Radio, though, has an enormous potential to enhance communication, encourage engagement and create vitally important connections in our globally linked yet fractured world precisely because it can take us right inside an individual life, an experience, a point of view. We can only hear what’s being said, with no distracting visuals, which forces us to imagine, to create in our own minds the back story, the deeper perspective. We begin to empathise and not just passively receive.


When Owen Bennett-Jones, for example, visited Syrian refugees for his programme From Syria to Yorkshire (produced by Nina Robinson for Radio 4) we were given real insight into what it feels like to lose not just your home, but also your education, your livelihood, the graves of your beloved. Hearing what they had to say was so much more powerful than seeing their faces as Ayham, for instance, talked about his job at a local café making falafels. Back home in Syria he wanted to study to become a doctor. But his father was killed, he knows not how, and as the eldest son (aged 20) he was left responsible for his mother and younger brothers, one of whom is suffering from leukaemia. After fleeing to Egypt, his family arrived in Bradford on a United Nations scheme to relocate vulnerable people, one of 100 or so families to be sent there. Now Ayham has to study for his GCSEs and A-levels while also working to support his family before he can apply for medical school.

Bennett-Jones went with him to the Remembrance Day parade in the city, taking his recorder with him to record some reactions to the arrival of these Syrian refugees. One man was unhappy that so many Muslims were at the ceremony. ‘It’s a British day,’ he said. What could the Syrians know about the war dead? Fortunately, he also found a woman who had far more encouraging words for Ayham, spoken in broad Yorkshire. ‘Let’s hope you have a good life now, love.’

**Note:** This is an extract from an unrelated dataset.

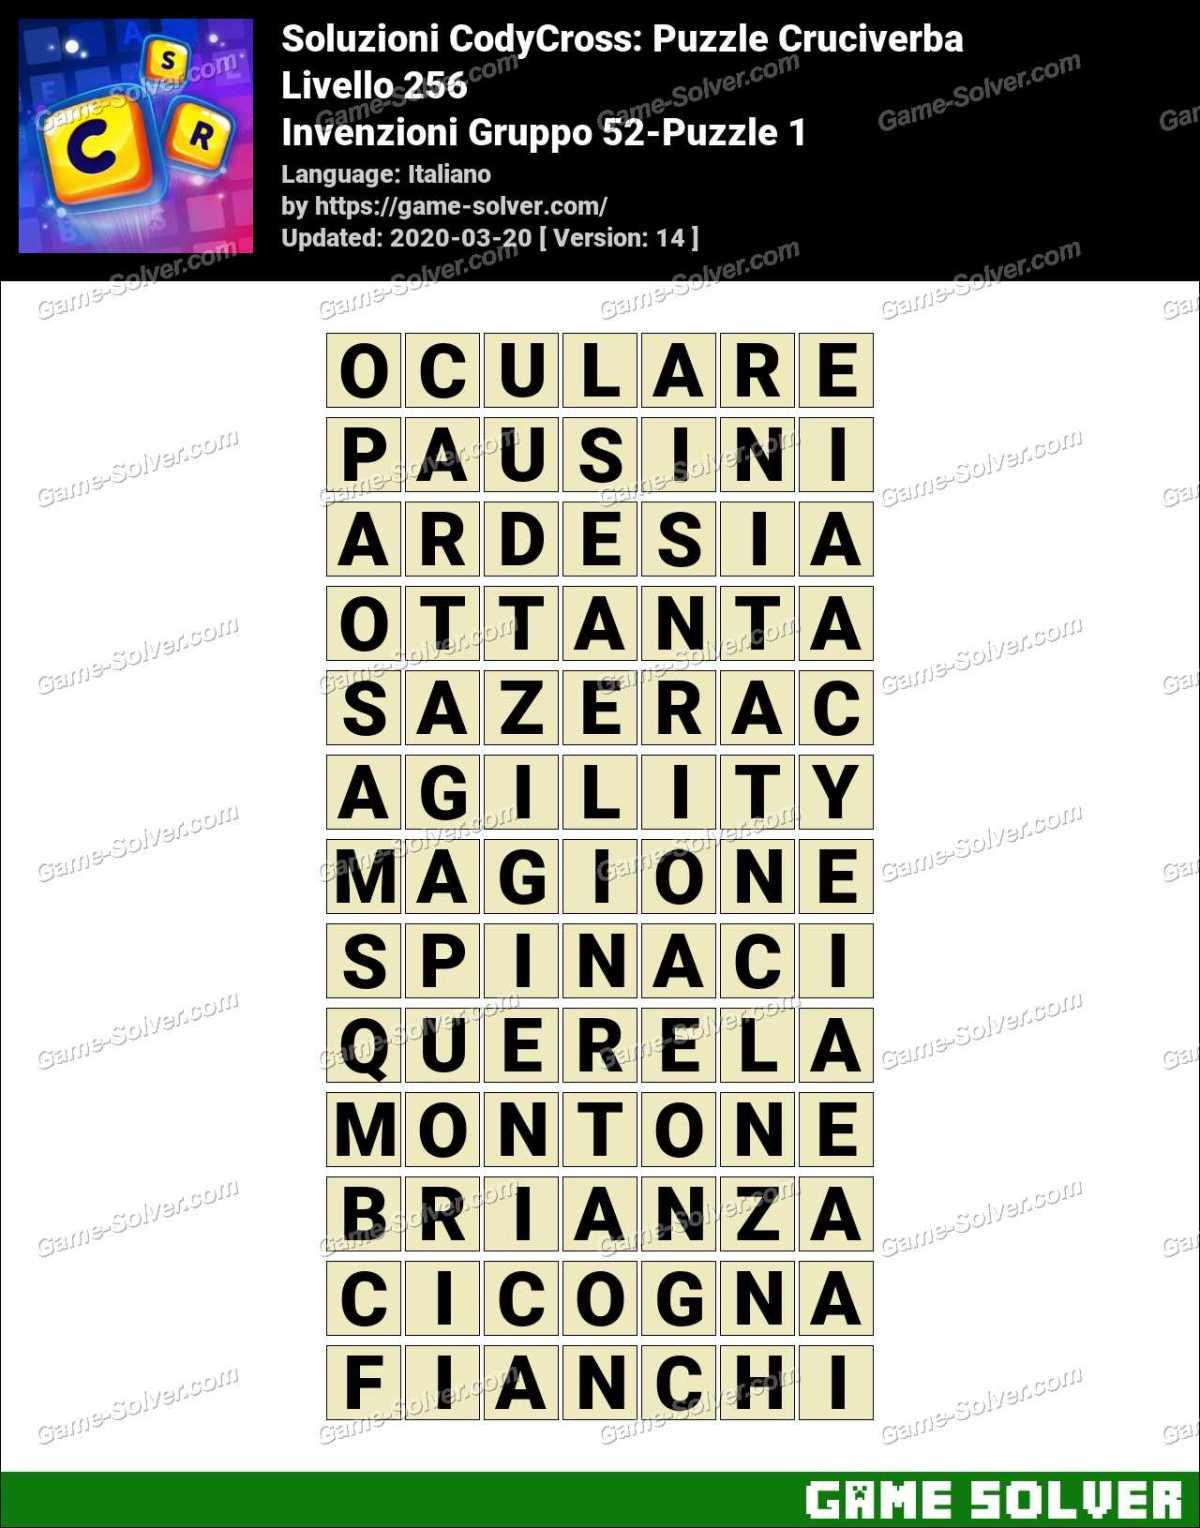 Soluzioni CodyCross Invenzioni Gruppo 52-Puzzle 1

As Tina Beattie ponders in her Christmas Meditation (produced by Carmel Lonergan for Radio 4), we need stories, and especially in these threatening times. ‘Our world feels very cold this year,’ she said on a programme scheduled to go out as Christmas Day ends at midnight. ‘It feels overwhelming’ as we listen to the litany of sorrow emanating from the war-torn countries of the Middle East and now getting closer and closer to our own lives. But, she reminded us, at the heart of Christmas is a story of refugees and outcasts, war and exile. In the silence at dead of night, after a day of feasting and too much company, she suggested that it’s possible to hear ‘a whispering of hope and new beginnings, yet also shadowed with the fear of more violence and misery to come’.

One brilliant antidote to the pessimism, the darkness of our times, is to lose yourself in a radio drama, now so readily available via iPlayer at whatever time of day suits you. Switch off the lights, embrace the darkness, curl up in an armchair and catch up with the story of the Rougon-Macquart families. Their antics, in Radio 4’s brilliant adaptation of Emile Zola’s novels starring Glenda Jackson, Blood, Sex and Money, will make your family seem like angels.